Phyllostegia hispida

Scientific classification
- Kingdom: Plantae
- Clade: Tracheophytes
- Clade: Angiosperms
- Clade: Eudicots
- Clade: Asterids
- Order: Lamiales
- Family: Lamiaceae
- Genus: Phyllostegia
- Species: P. hispida
- Binomial name: Phyllostegia hispida Hillebr.

= Phyllostegia hispida =

- Genus: Phyllostegia
- Species: hispida
- Authority: Hillebr.

Species of flowering plant

Phyllostegia hispida, the hispid phyllostegia, is an endangered species of flowering plant in the mint family, Lamiaceae. It is found only in wet forests at elevations of 2300–4200 ft on the island of Molokaʻi in Hawaiʻi.

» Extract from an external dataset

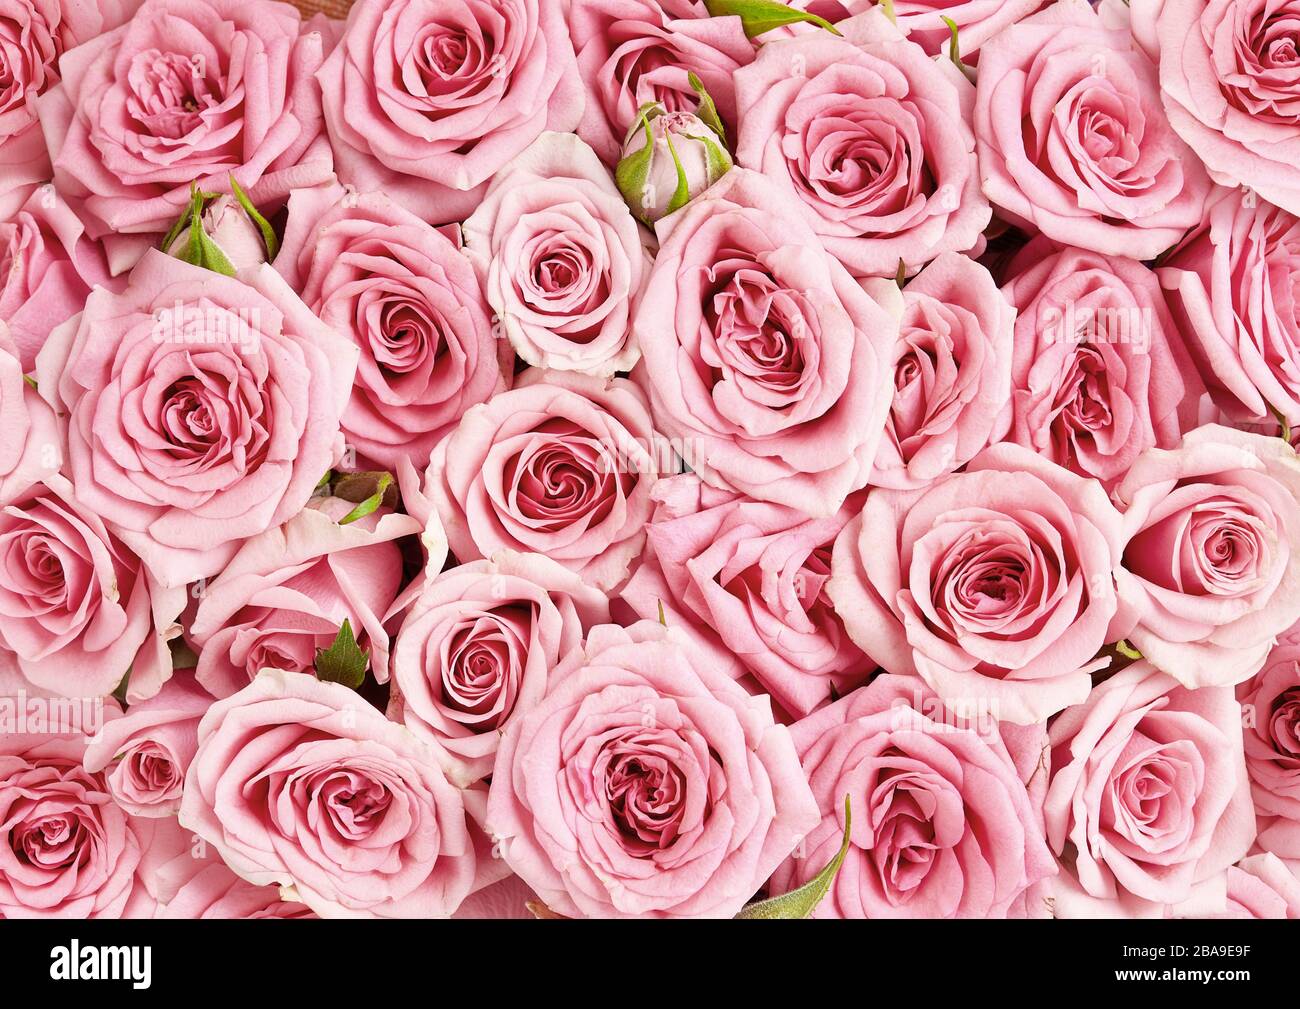 Image de fond des roses roses roses. Vue sur les fleurs roses Photo Stock -  Alamy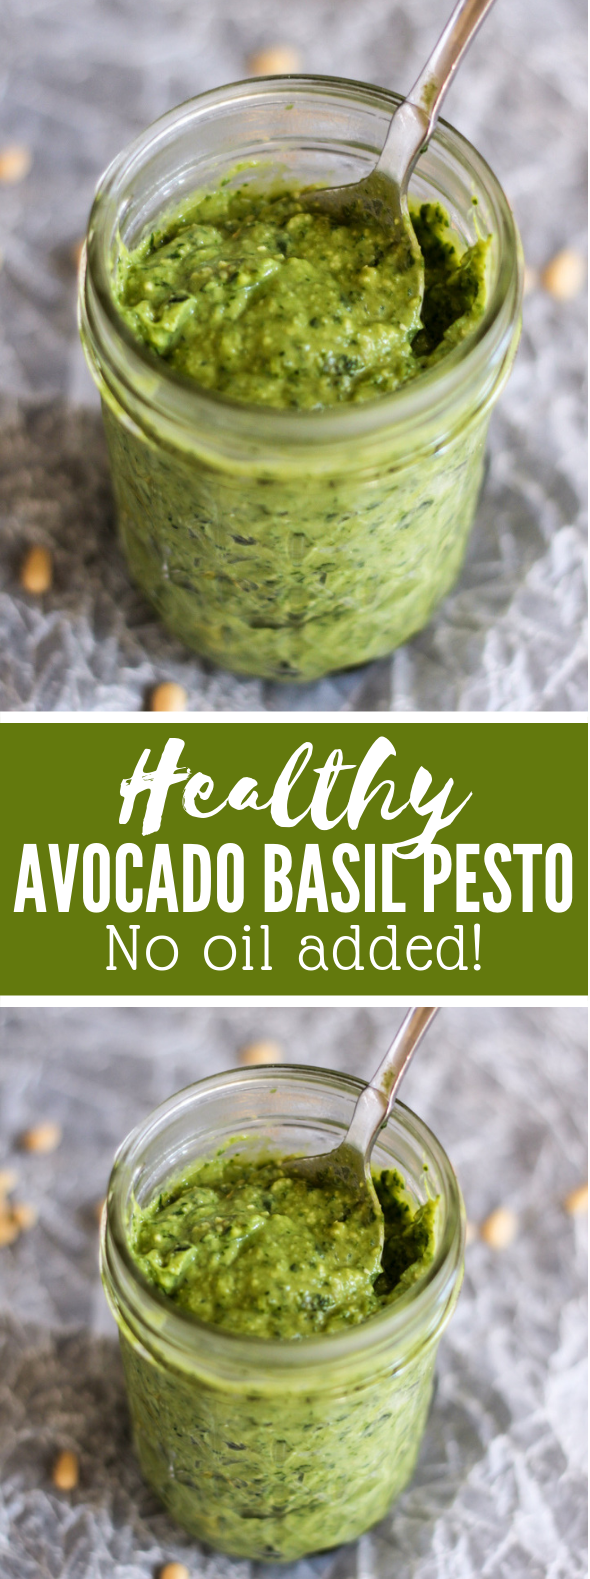 How to Make Lightened-Up Pesto: A Recipe for Creamy Avocado Basil Pesto #healthy #glutenfree

This green vine's loosely spreading branches often form a large mass.

==Conservation==
Only ten individual specimens were found between 1910 and 1996. P. hispida was thought to be extinct in 1997, but two seedlings were found at The Nature Conservancy's Kamakou Preserve in 2005. Since 2007, 24 wild plants have been discovered. A total of 238 plants are known to currently exist.

Phyllostegia hispida was classified as endangered by the United States Fish and Wildlife Service in 2009. P. hispida is the second species to be classified as endangered by the Barack Obama administration.